En segundo lugar, si
la fin amor responde a la noción espiritualizada de
J. Markale, es el varón el que se esfuerza, el
héroe, incluso el santo que escala el
perfeccionamiento. Ella es un elemento pasivo que
impulsa por su belleza física, por ser gentil -una
variante de cortés- pero normalmente no adquiere el
centro de la atención que lo roba el caballero
amoroso, que hace de ella un fetiche, pero elaborado
por él, como varón capaz de alcanzar niveles de
conciencia religioso-mística que no involucran a la
dama.
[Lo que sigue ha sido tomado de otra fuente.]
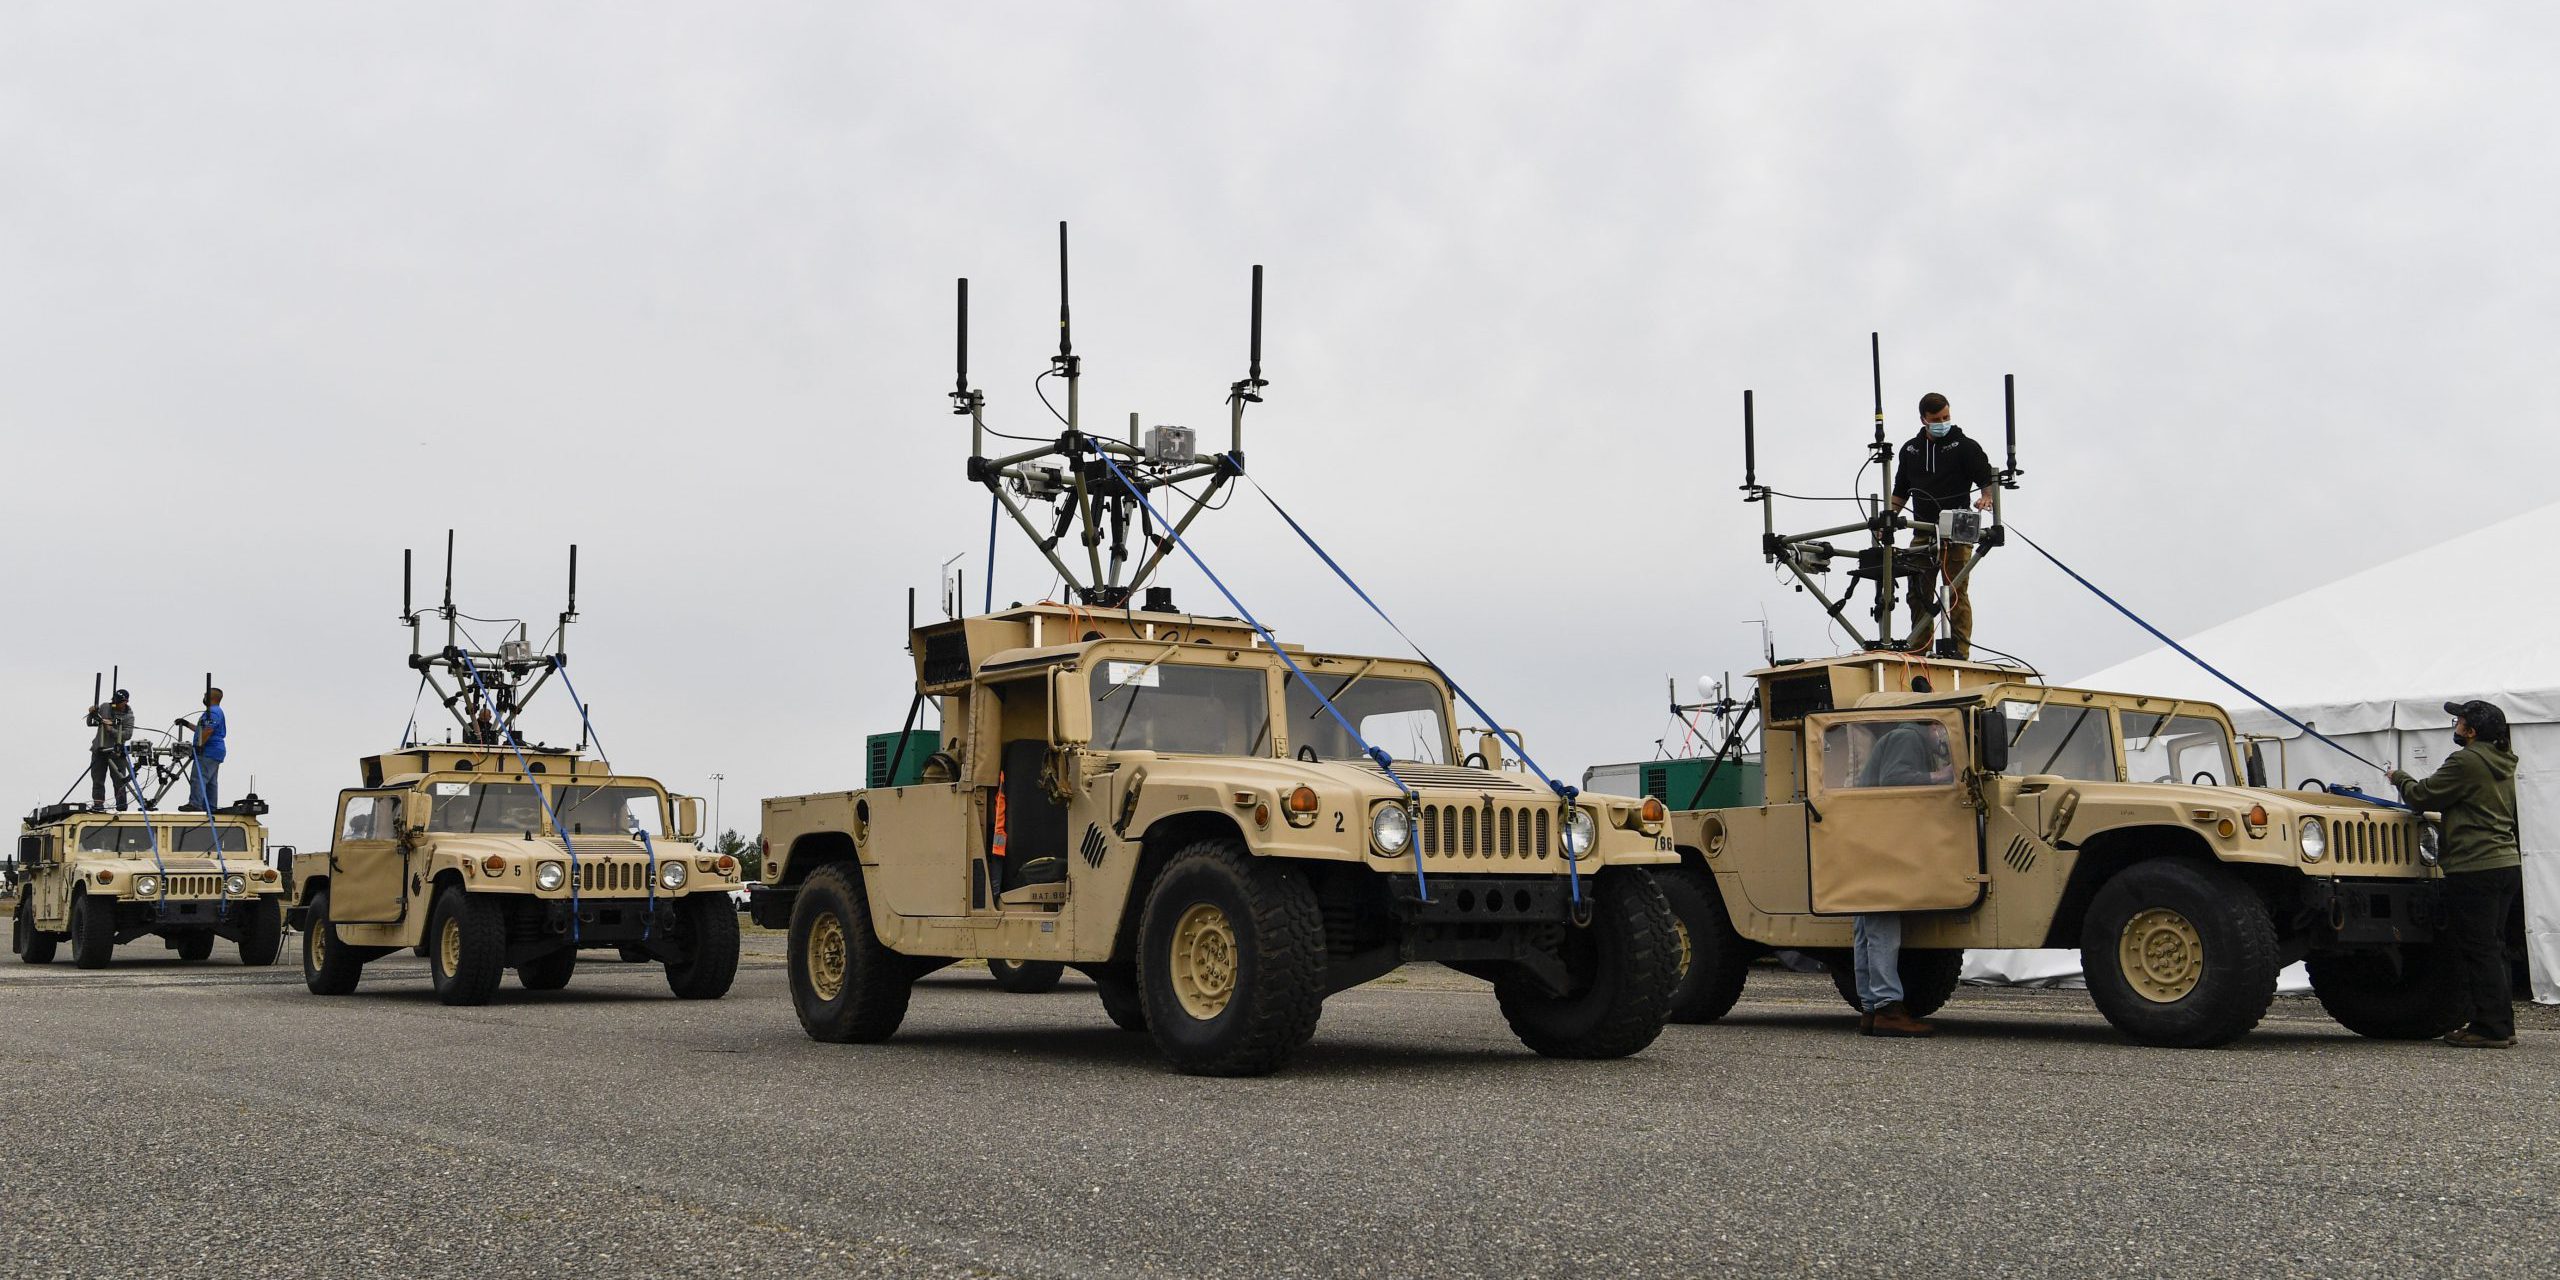 Source: U.S Army, https://www.army.mil/article/246522/army_engineers_field_test_robotic_combat_vehicle_communications

Ella, en definitiva era adúltera; su simbólica
madre, Eva, que engañó a su compañero, complacida
con la serpiente, renacía de manera más o menos
obscura.
[i]
El amor cortés o la pareja infernal, I,
La ley del amor.
[ii]
El autor: Arnaut de Carcassés,
posiblemente de la comarca de Carcasona. Es
un relato incluible entre los fabliaux. Se
encuentra en castellano en el libro
Castigos para Celosos. Consejos para
Juglares. Edc. Gredos, 1999, Madrid.
[iii]
El jardín cerrado, puede ser considerado el
paraíso, o bien, ya que no se podía en la
literatura cortés hablar directamente de los
genitales, se arbitra la metáfora del
hortus conclusus para hacer esa alusión
referida a la vagina; el papagayo es el
símbolo del mensajero y también de la
elocuencia. Si se toma el conjunto incluido
el simbólico lúbrico árbol y sin forzar la
imaginación, se aprecia que el cuadro
refleja una sensibilidad sexual.
[iv]
Cuento occitano de Ramón Vidal de Besalú,
redactado a principios del siglo XIII, de
clara estirpe trovadoresca. Edc. Gredos.